Development A Over a path of 18 cm with mobile phase A.

Drying A In air.

Development B Over a path of 17 cm with mobile phase B.

Drying B In air.

Detection Examine in ultraviolet light at 254 nm, spray with alcoholic iodine solution R and examine in ultraviolet light at 254 nm after 10-15 min.

System suitability Reference solution (o):
— the chromatogram shows 2 clearly separated spots.

Limits Any spots in the chromatogram obtained with test solution S22 are not more intense than the spots in the same positions in the chromatograms obtained with the reference solutions.

Amides and stearates

Thin-layer chromatography (2.2.27).

Test solution Use test solution S22 described in the test for non-phenolic antioxidants.

Reference solution (p) Dissolve 20 mg of stearic acid CRS (plastic additive 19) in methylene chloride R and dilute to 10 mL with the same solvent.

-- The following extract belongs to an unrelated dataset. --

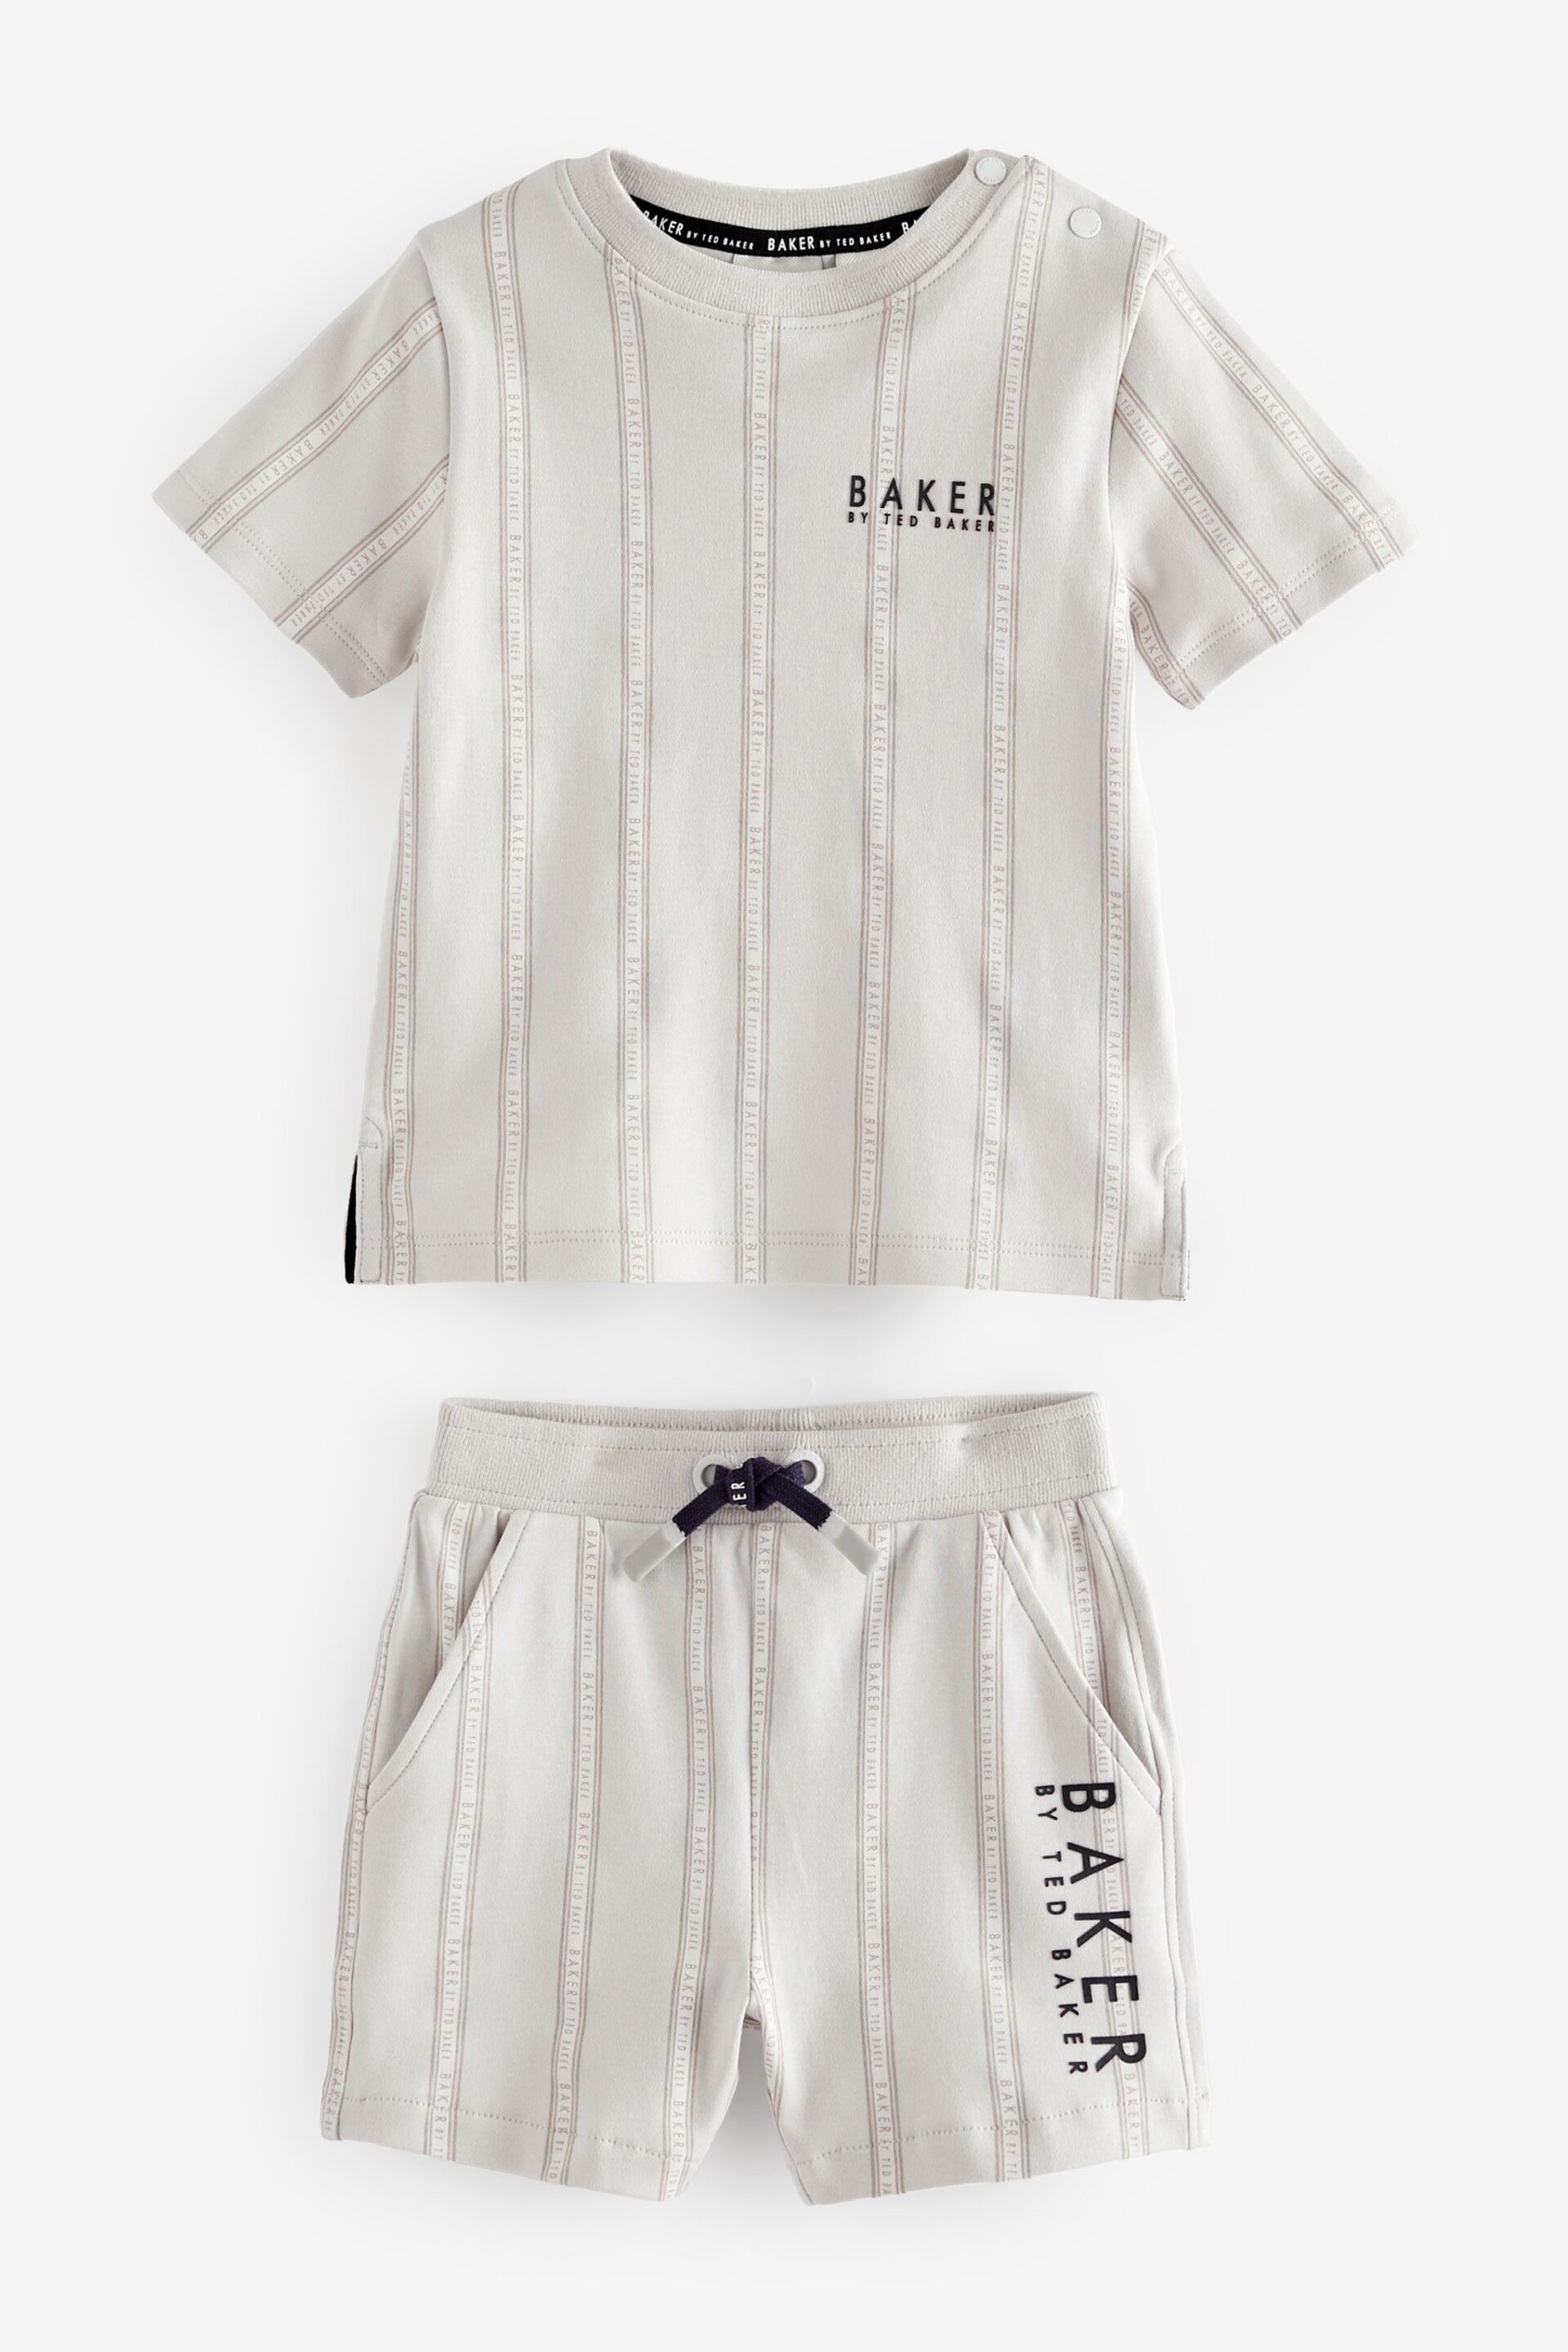 Baker by Ted Baker Striped T-Shirt and Shorts Set - Image 6 of 9
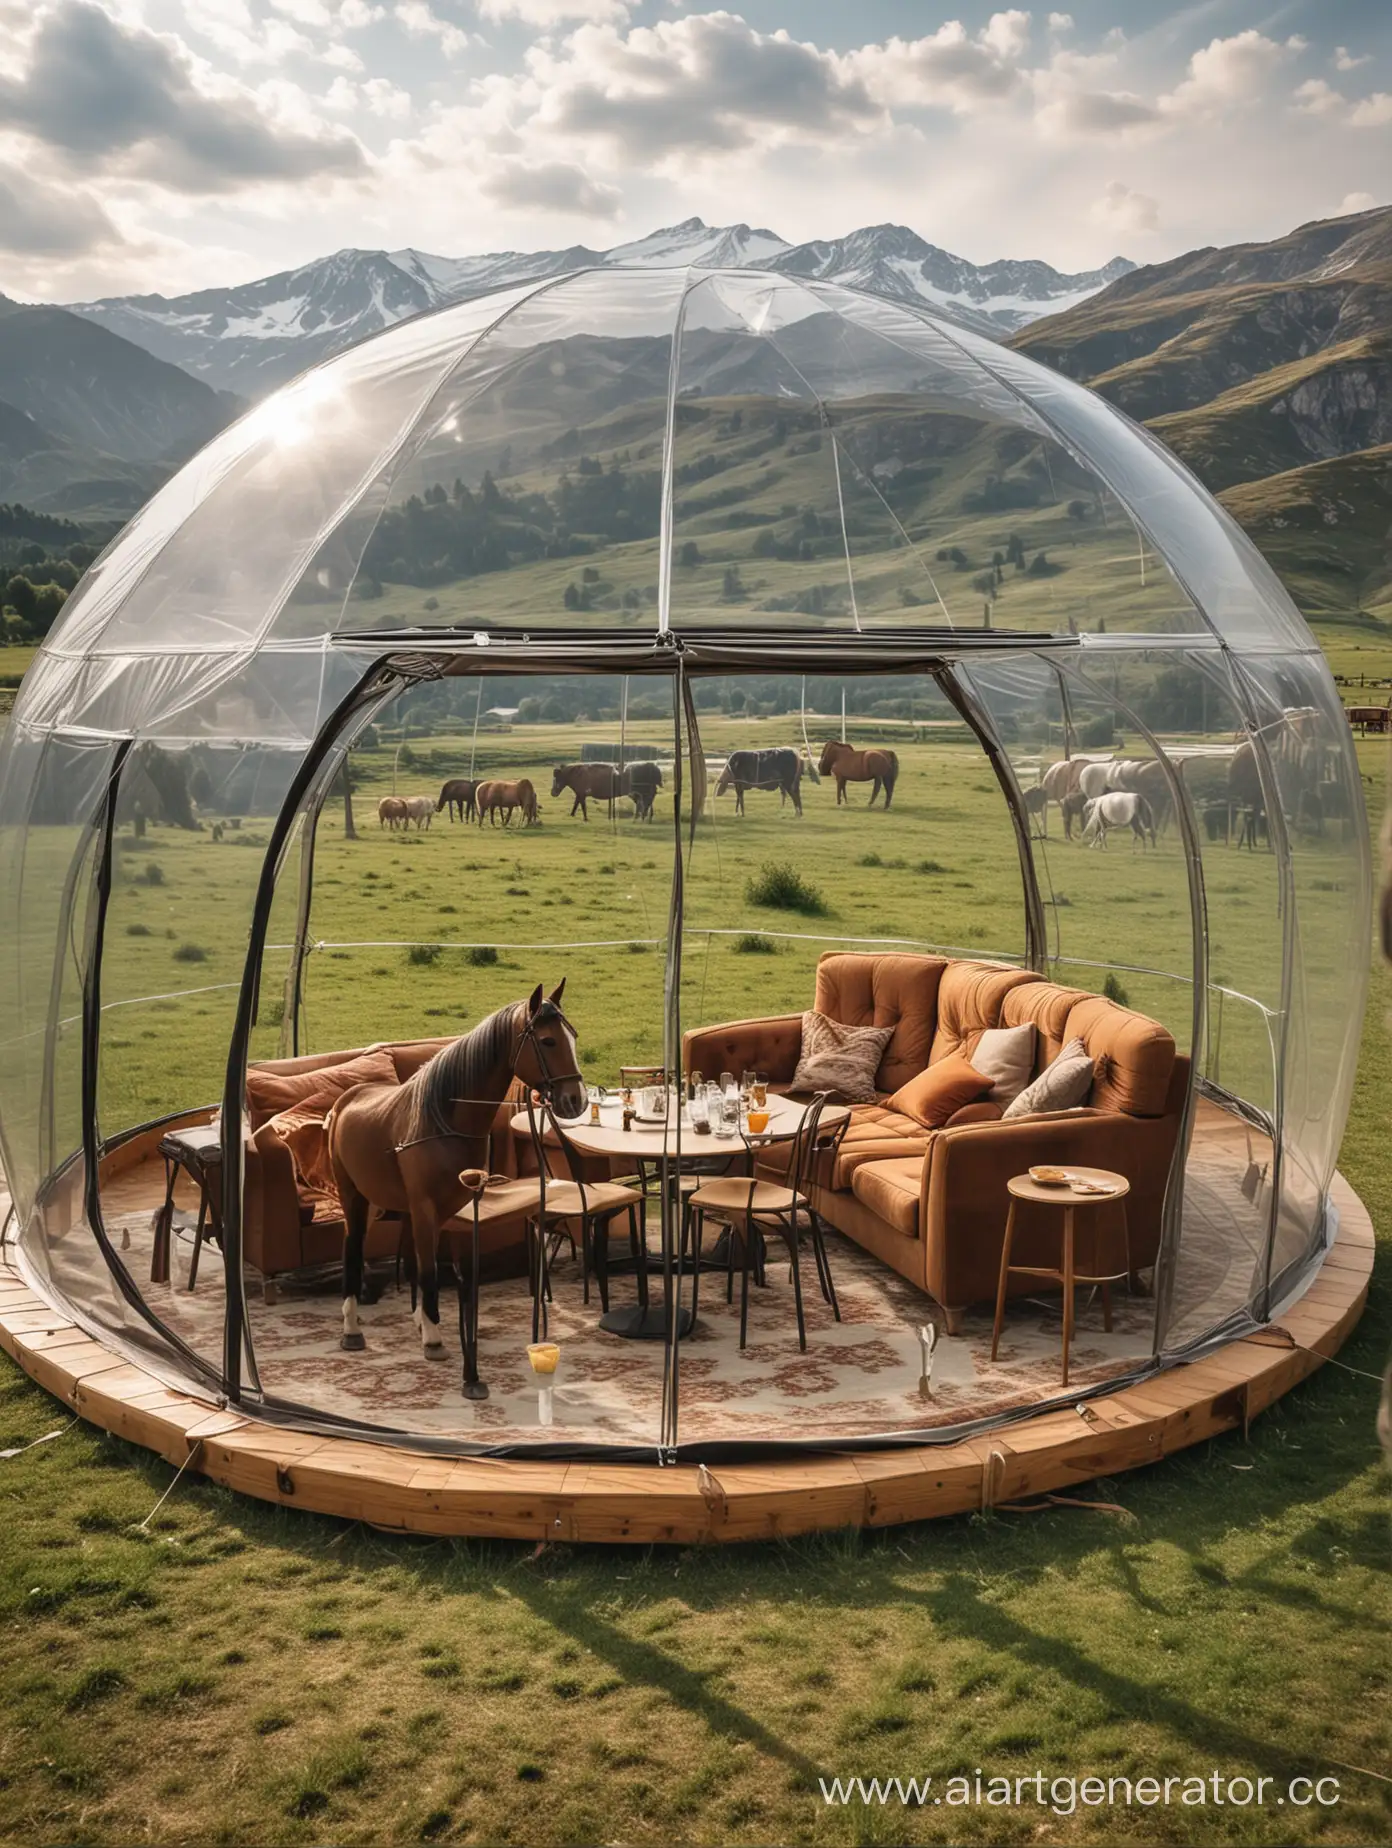 Alpine-Dining-Experience-People-Enjoying-Meals-in-a-Transparent-Tent-Surrounded-by-Majestic-Mountains-and-Grazing-Horses

Reference solution (q) Dissolve 40 mg of plastic additive 20 CRS in methylene chloride R and dilute to 20 mL with the same solvent.

Reference solution (r) Dissolve 40 mg of plastic additive 21 CRS in methylene chloride R and dilute to 20 mL with the same solvent.

PlatesTLC silica gel F254 plate R (2 plates).

A. Mobile phase: anhydrous ethanol R,trimethylpentane R (25:75 V/V).

Application 10 µL of test solution S22 and reference solution (p).

Development Over a path of 10 cm.

Drying In air.

Detection Spray with a 2 g/L solution of dichlorophenolindophenol, sodium salt R in anhydrous ethanol R and heat in an oven at 120 °C for a few minutes to intensify the spots.

Limit Any spot corresponding to plastic additive 19 in the chromatogram obtained with test solution S22 is similar in position (RF = about 0.5) but not more intense than the corresponding spot in the chromatogram obtained with reference solution (p).

B. Mobile phase A: hexane R.

Mobile phase Bmethanol R,methylene chloride R (5:95 V/V).

Application 10 µL of test solution S22 and reference solutions (q) and (r).

Development A Over a path of 13 cm with mobile phase A.

Drying A In air.

Development B Over a path of 10 cm with mobile phase B.

Drying B In air.

Detection Spray with a 40 g/L solution of phosphomolybdic acid R in anhydrous ethanol R and heat in an oven at 120 °C until spots appear.

Limits Any spots corresponding to plastic additive 20 or plastic additive 21 in the chromatogram obtained with the test solution S22 are similar in position (RF = about 0.2) but not more intense than the corresponding spots in the chromatograms obtained with reference solutions (q) and (r).